As the replacement return received recorded the amount received as an 'other receipt' an obligation letter was not sent to donor.
The Act be amended to clarify that receipts should not be "netted off" for disclosure purposes.
A number of enquiries were received during the year regarding the permitted use of parliamentary allowances for the production of election material.
Enquirers were advised that the AEC has no jurisdiction over the approved use/s of parliamentary allowances. However, any expenditure that was incurred and that was required to be disclosed under the provisions of s.308 of the Act must be disclosed in accordance with Part XX of the Act.
Subsection 288(1) of the Act provides that a political party shall have an agent for the purposes of Part XX of the Act.
Subsection 292(2) of the Act provides that a person shall not be removed from the register of party agents unless the person gives written notice to the AEC that they have resigned their appointment as agent, and the party or state branch gives notice that that person has ceased to be the agent of that party. The party is also required to give notice under ss.290(1) of the appointment of another person as agent.
The AEC considers the provision of ss.292(2) to be an administrative hindrance in that the requirement for the outgoing agent to resign before the party can appoint a new agent is unnecessary and inefficient and has been the cause of significant delays in the new appointment process in the past.
Subsection 292(2) of the Act be amended to automatically revoke the appointment of a party agent when a new party agent is appointed.
Section 290 of the Act provides the prerequisites of a person to be appointed as a party agent. Subsection 290(2) refers specifically to the agent of a political party, candidate or Senate group who is convicted of an offence against Part XX of the Act in relation to a particular election being ineligible to be appointed or hold office as an agent.

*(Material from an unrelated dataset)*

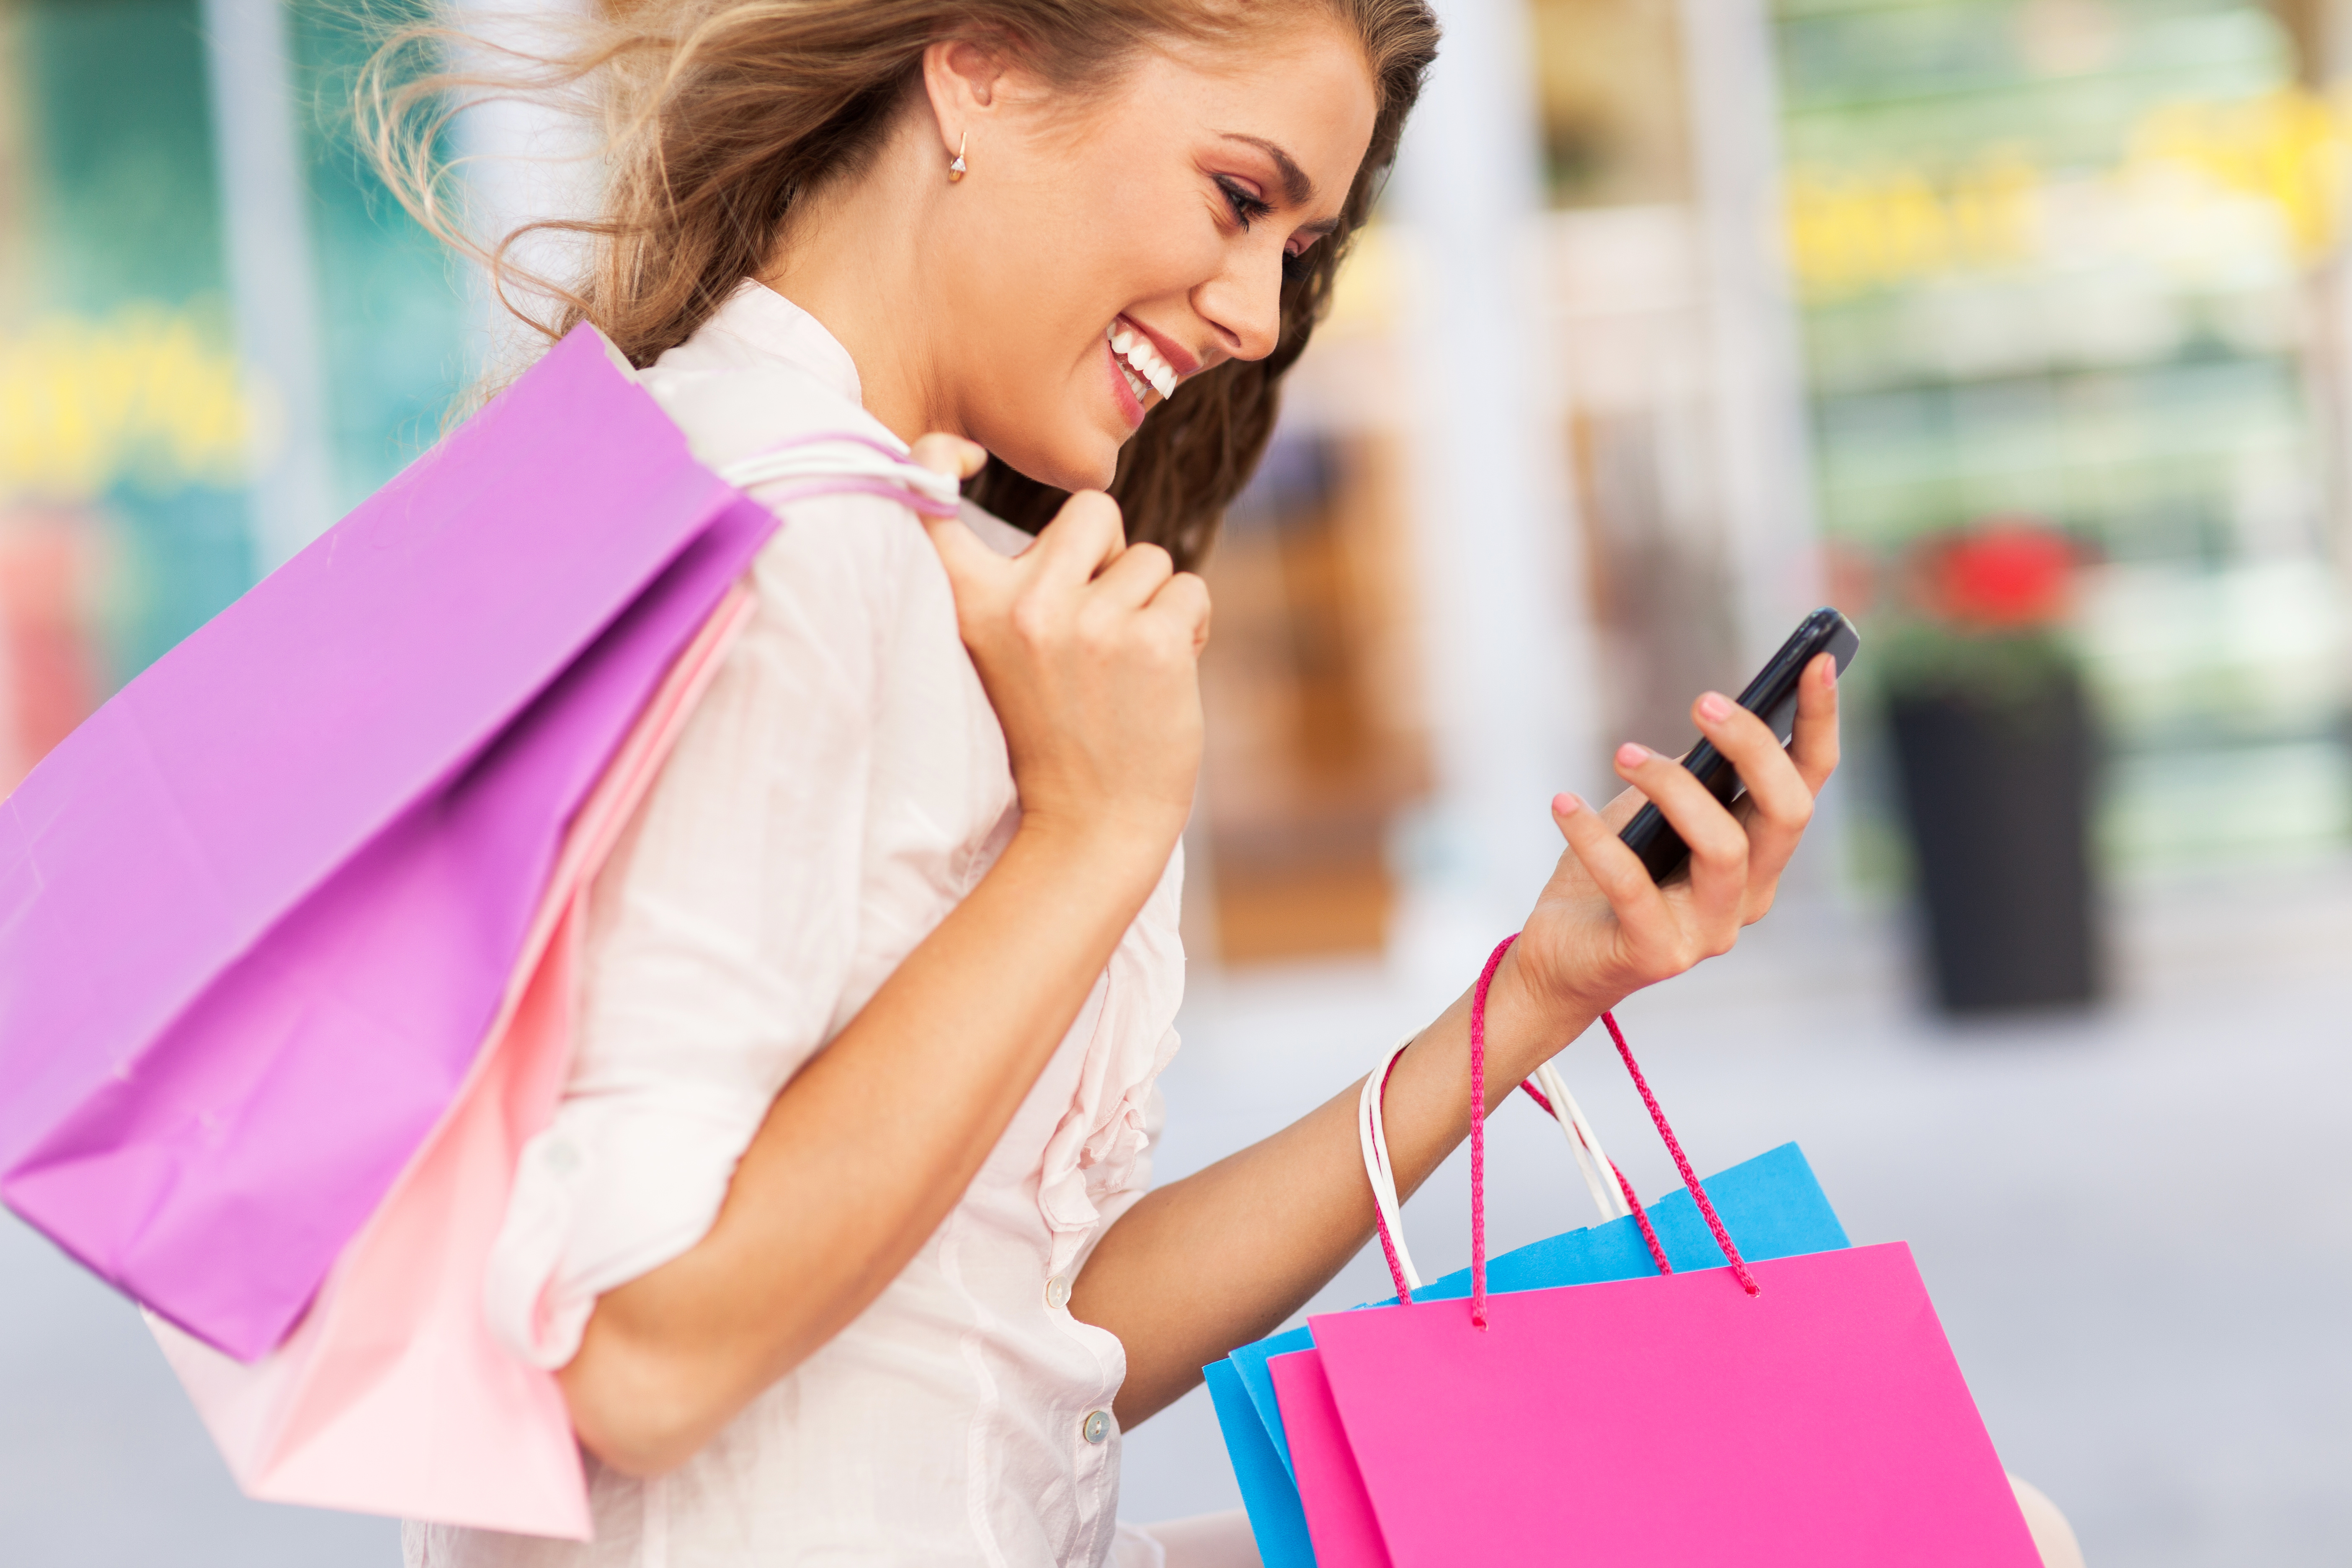 Shopping apps are fun while also saving time and money.

This subsection was not amended to remove the reference to 'a particular election' when the requirement for political party election returns was replaced with annual returns.
Subsection 290(2) of the Act be amended to remove reference to 'a particular election'.
Section 315 of the Act gives effect to penalties in regard to a number of funding and disclosure provisions. However, penalties have remained unchanged since 1984.
Where a penalty is to be applied for a breach of the Act the AEC provides a brief to the Commonwealth Director of Public Prosecutions (CDPP) with a request to pursue prosecution action on behalf of the AEC. This is a time consuming and costly process that may be better managed with the introduction of administrative penalties for offences such as late lodgement of a return without a valid and sufficient reason (such as a notification of inability to complete a return in accordance with s.318). The application of administrative penalties is also discussed in the Electoral Reform Green Paper – Donations, Funding and Expenditure December 2008 as being "…more appropriate than criminal penalties for dealing with offences such as failure to lodge a disclosure return by the due date.".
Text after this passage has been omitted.